I'm hoping that in 10 years niche languages are still a thing, and the world doesn't converge toward writing everything in JS just because AIs make it easier to work with.
> I wish they wouldn't use JS to demonstrate the AI's coding abilities - the internet is full of JS code and at this point I expect them to be good at it. Show me examples in complex (for lack of a better word) languages to impress me.
Agreed. The models break down on not even that complex of code either, if it's not web/javascript. Was playing with Gemini CLI the other day and had it try to make a simple Avalonia GUI app in C#/.NET, kept going around in circles and couldn't even get a basic starter project to build so I can imagine how much it'd struggle with OCaml or other more "obscure" languages.
This makes the tech even less useful where it'd be most helpful - on internal, legacy codebases, enterprisey stuff, stacks that don't have numerous examples on github to train from.
> on internal, legacy codebases, enterprisey stuff
Or anything that breaks the norm really.
I recently wrote something where I updated a variable using atomic primitives. Because it was inside a hot path I read the value without using
atomics as it was okay for the value to be stale.
I handed it the code because I had a question about something unrelated and it wouldn't stop changing this piece of code to use atomic reads.
Even when I prompted it not to change the code or explained why this was fine it wouldn't stop.
FWIW, and this depends on the language obviously, but formal memory models typically do forbid races between atomic and non-atomic accesses to the same memory location.
While what you were doing may have been fine given your context, if you're targeting e.g. standard C++, you really shouldn't be doing it (it's UB). You can usually get the same result with relaxed atomic load/store.
(As far as AI is concerned, I do agree that the model should just have followed your direction though.)
Yes, for me it is and it was even before this experience.
But, you know, there's a growing crowd that believes AI is almost at AGI level and that they'll vibe code their way to a Fortune 100 company.
Maybe I spend too much time rage baiting myself reading X threads and that's why I feel the need to emphasize that AI isn't what they make it out to be.
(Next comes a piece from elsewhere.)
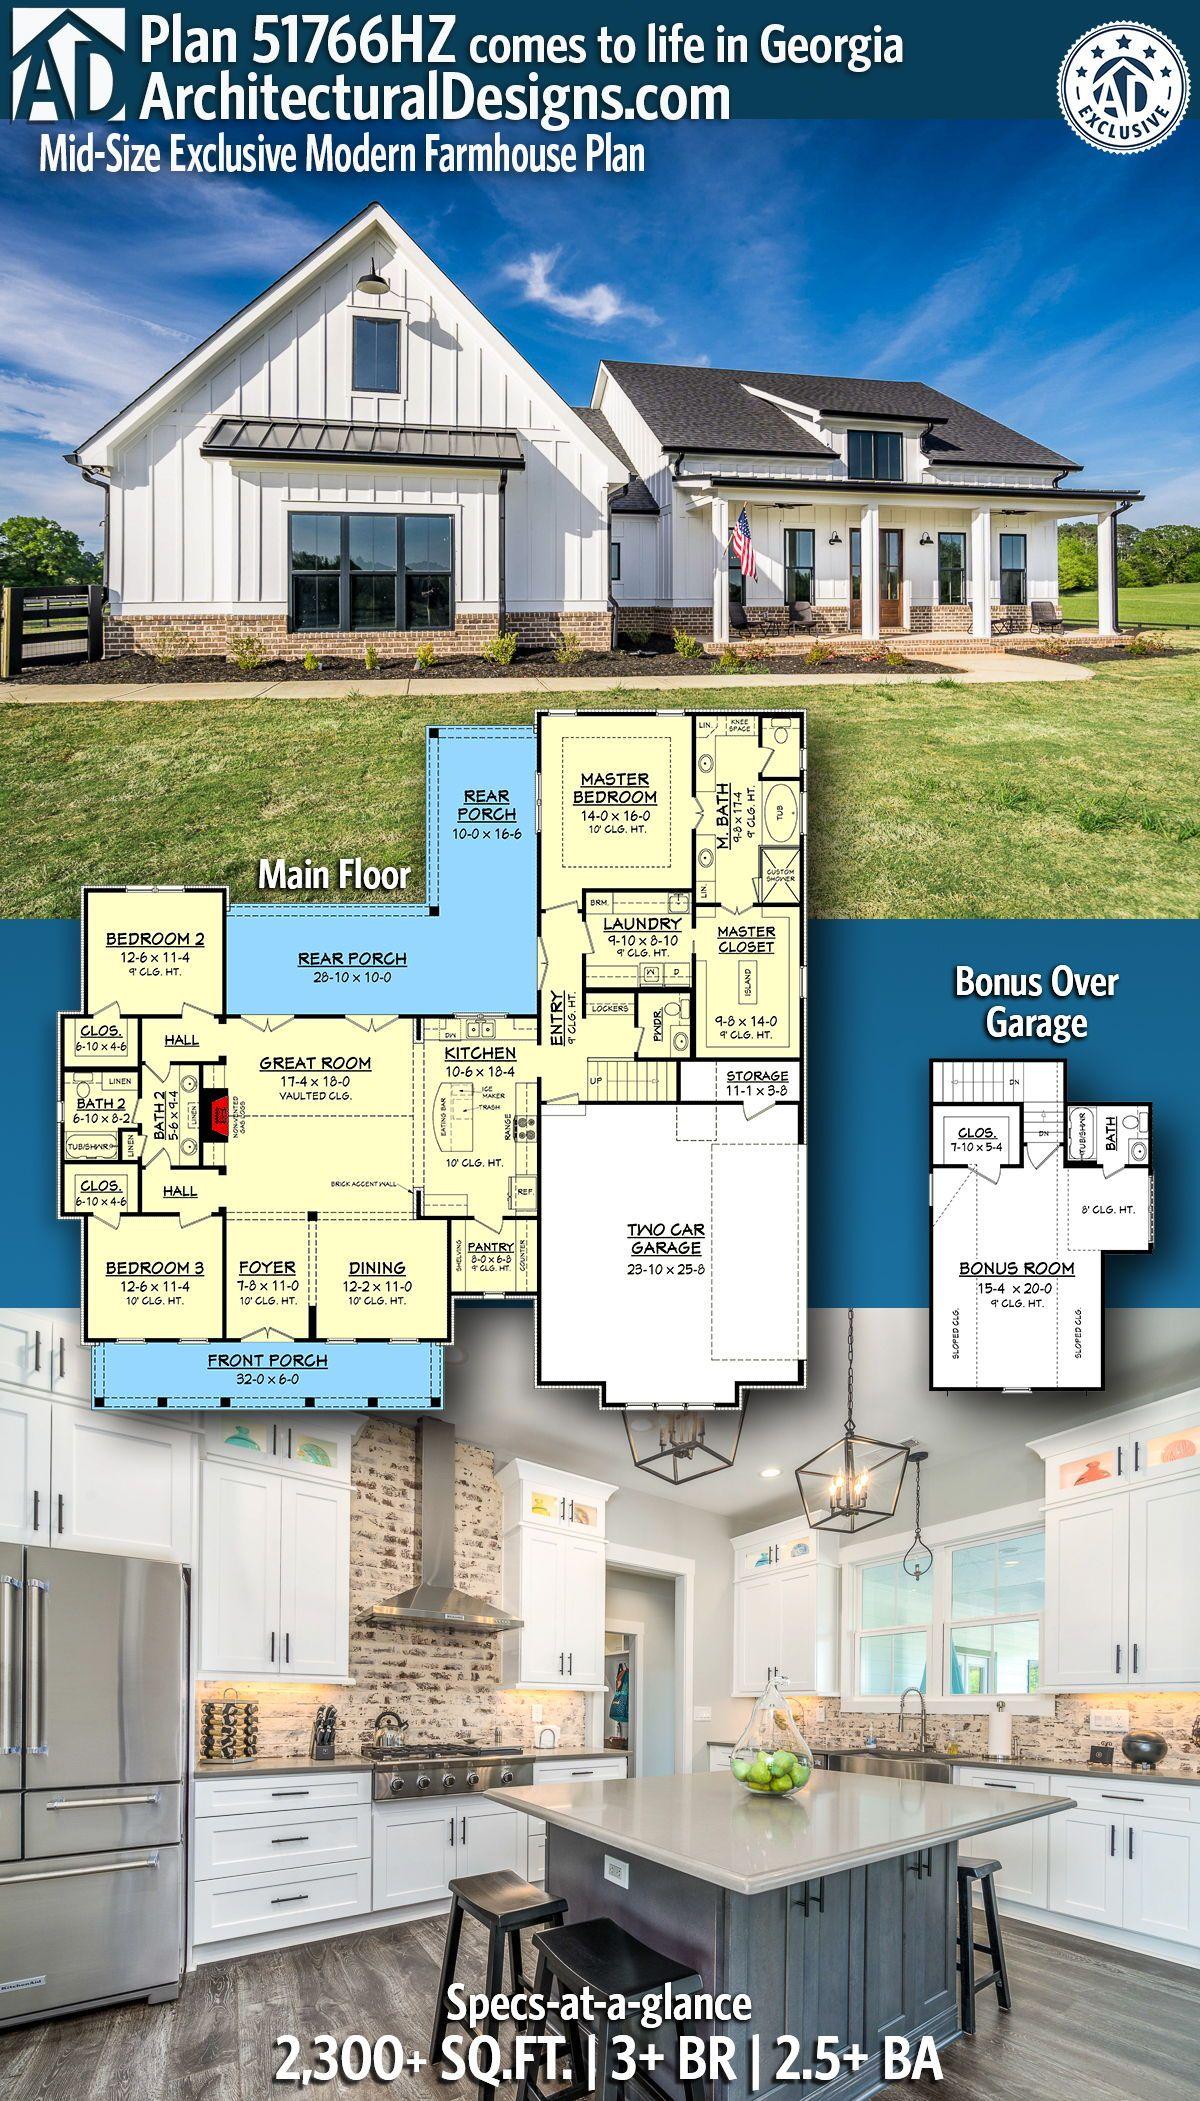 Plan 51766HZ MidSize Exclusive Modern Farmhouse Plan in

The snake game they showcased - if you ask Qwen3-coder-30b to generate a snake game in JS - it generates the exact same layout, the exact same two buttons below, and the exact same text under the 2 buttons. It just regurgigates its training data.
I used ChatGPT to convert an old piece of OCaml code of mine to Rust and while it didn't really work—and I didn't expect it to—it seemed a very reasonable starting point to actually do the rest of the work manually.
Honestly, why would anyone find this information useful? Creating a brand new greenfield project is a terrible test. Because literally anything it outputs as long as it looks good as long as it works following the happy path. Coding with LLMs falls apart in situations where complex reasoning is required. Situations such as having debugging issues in a service where there's either no framework in use or they've significantly modified a framework to make it better suit the authors needs.
Yeah, I guess it's just the easiest thing to generate and evaluate.
A more useful demonstration like making large meaningful changes to a large complicated codebase would be much harder to evaluate since you need to be familiar with the existing system to evaluate the quality of the transformation.
Would be kinda cool to instead see diffs of nontrivial patches to the Ruby on Rails codebase or something.
> Honestly, why would anyone find this information useful?
This seems to impress the mgmt types a lot, e.g. "I made a WHOLE APP!", when basically what most of this is is frameworks and tech that had crappy bootstrapping to begin with (React and JS are rife with this, in spite of their popularity).
The biggest issue I'e seen _by far_ with using GPT models for coding has been their inability to follow instructions... and also their tendency to duplicate-act on messages from up-thread instead of acting on what you just asked for.